Abbreviations: PR, prevalence ratio; CI, confidence interval.

Model 1: Educational level was considered as the independent socio-economic variable.

Model 2: Quintil by household income per consumer unit was considered as the independent socio-economic variable.

Model 3: Employment status. was considered as the independent socio-economic variable.*Using the Square Root Scale, which divides household income by the square root of household size.

Bolded values stand for statistically significant findings at <0.05 level.

While educational level (model 1) was not associated with secondhand smoking in 2005, a significantly lower prevalencce for the higher educational level is observed in 2009, which is accentuated in 2013.The population with the higher educational level had a 0.73-fold lower prevalence ratio (PR, 0.73; 95% CI: 0.65, 0.81) of being involuntarily exposed to tobacco in 2013 than did those people in the lower educational level. A similar association was observed in 2009 (PR, 0.80; 95% CI: 0.74, 0.87).

A comparable pattern was observed for quintiles of household income per consumer unit (model 2). While no association was found in 2005, a statistically significant lower prevalence of involuntary exposure to tobacco smoke was present among the higher income quintiles in 2009 and 2013.

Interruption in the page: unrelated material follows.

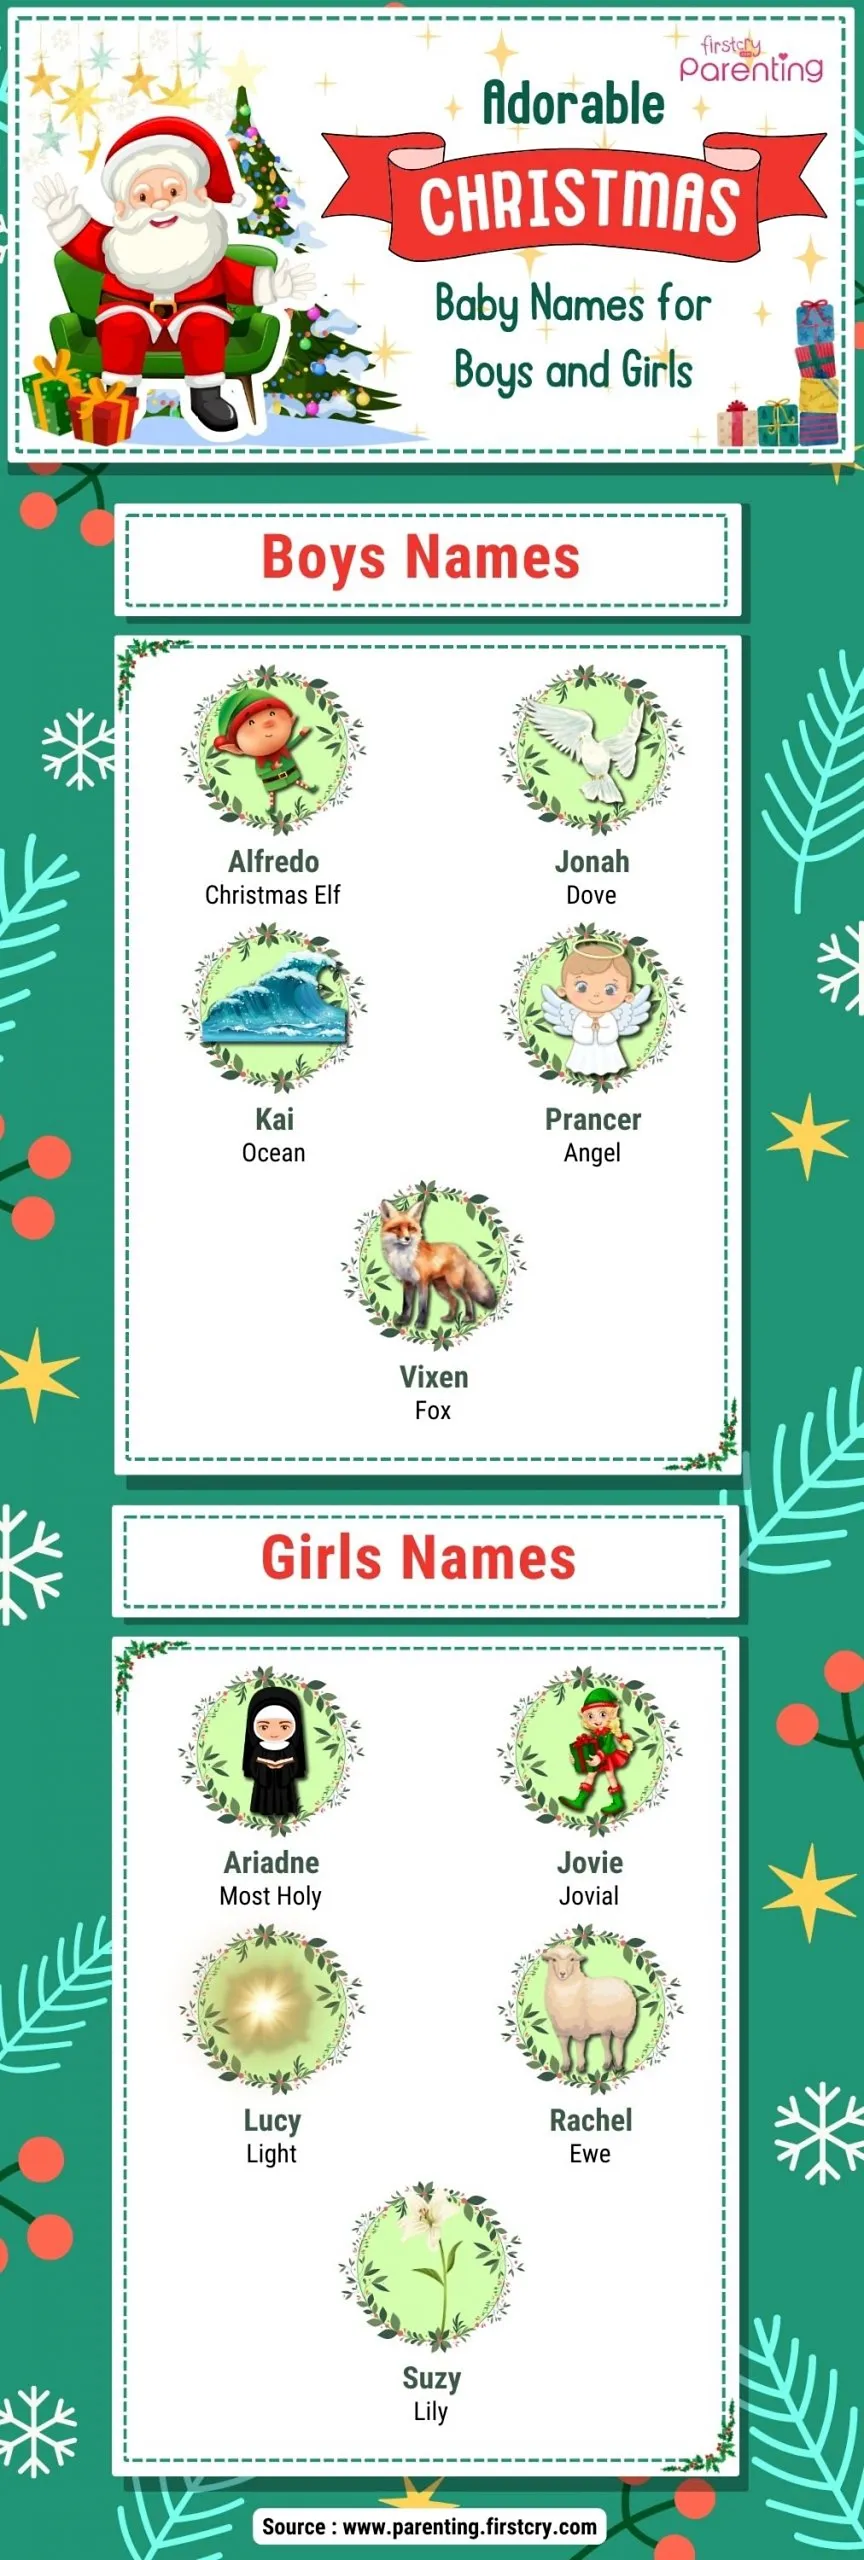 Adorable Christmas Baby Names for Boys and Girls - Infographic
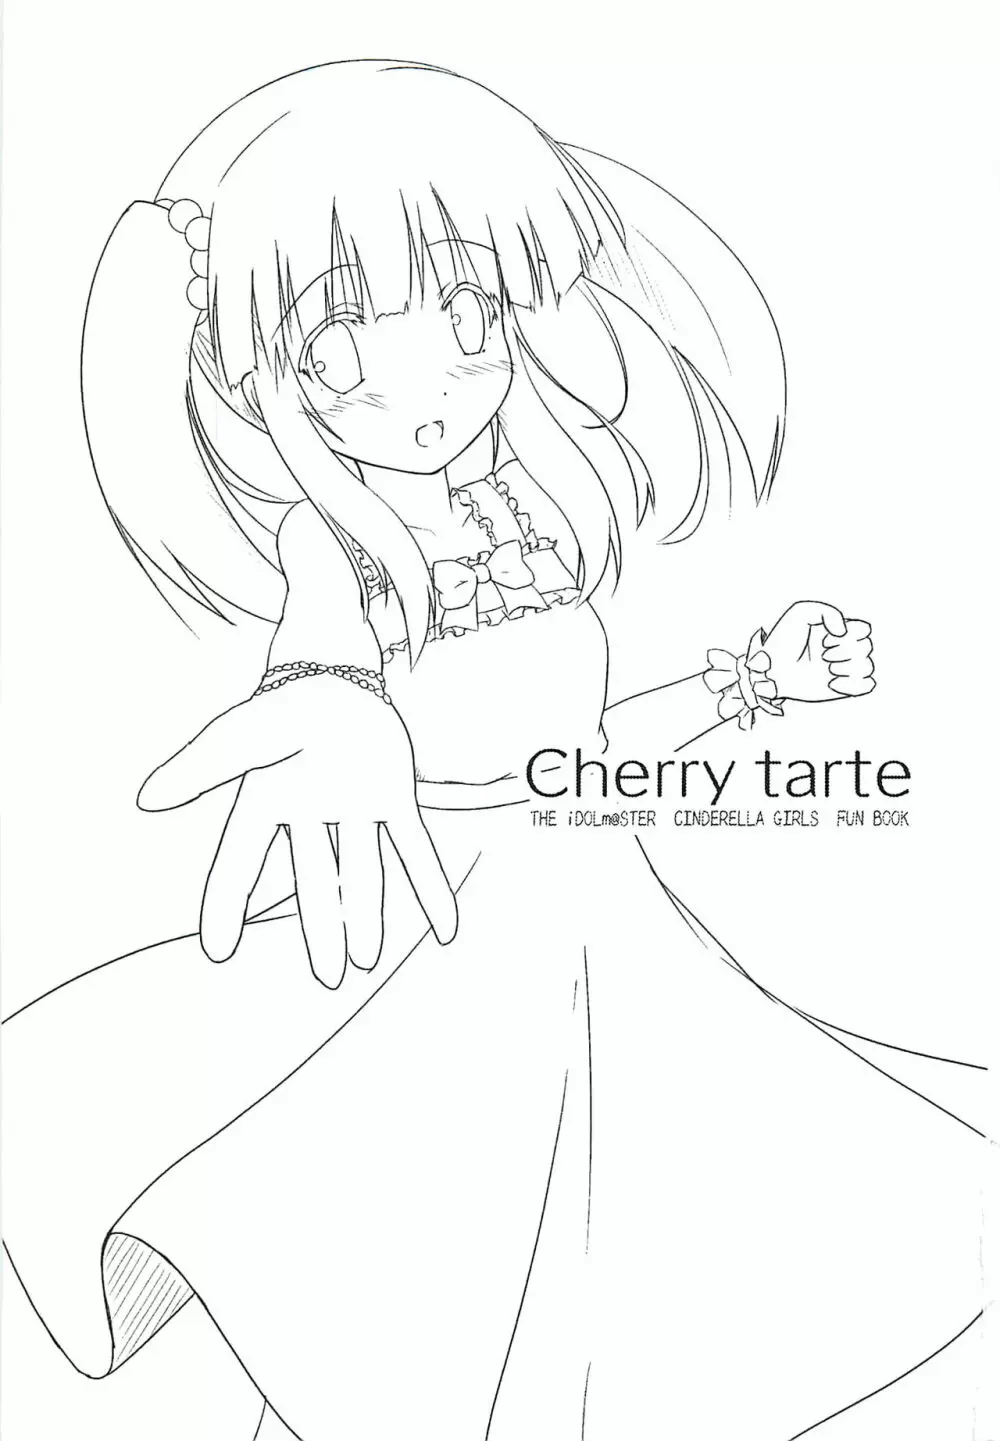 Cherry tarte - page2

In model 3, employment status was not associated with involuntary exposure to tobacco smoke in any of the years of the survey.

Discussion

The main finding of our study is that, although the prevalence of tobacco smoking has declined in Argentina over the last years, from 2005 through 2013, socio-economic inequalities in smoking habits have persisted. Moreover, in recent surveys, key socioeconomic factors such as educational level and household income exhibited increased socioeconomic inequalities in secondhand smoking.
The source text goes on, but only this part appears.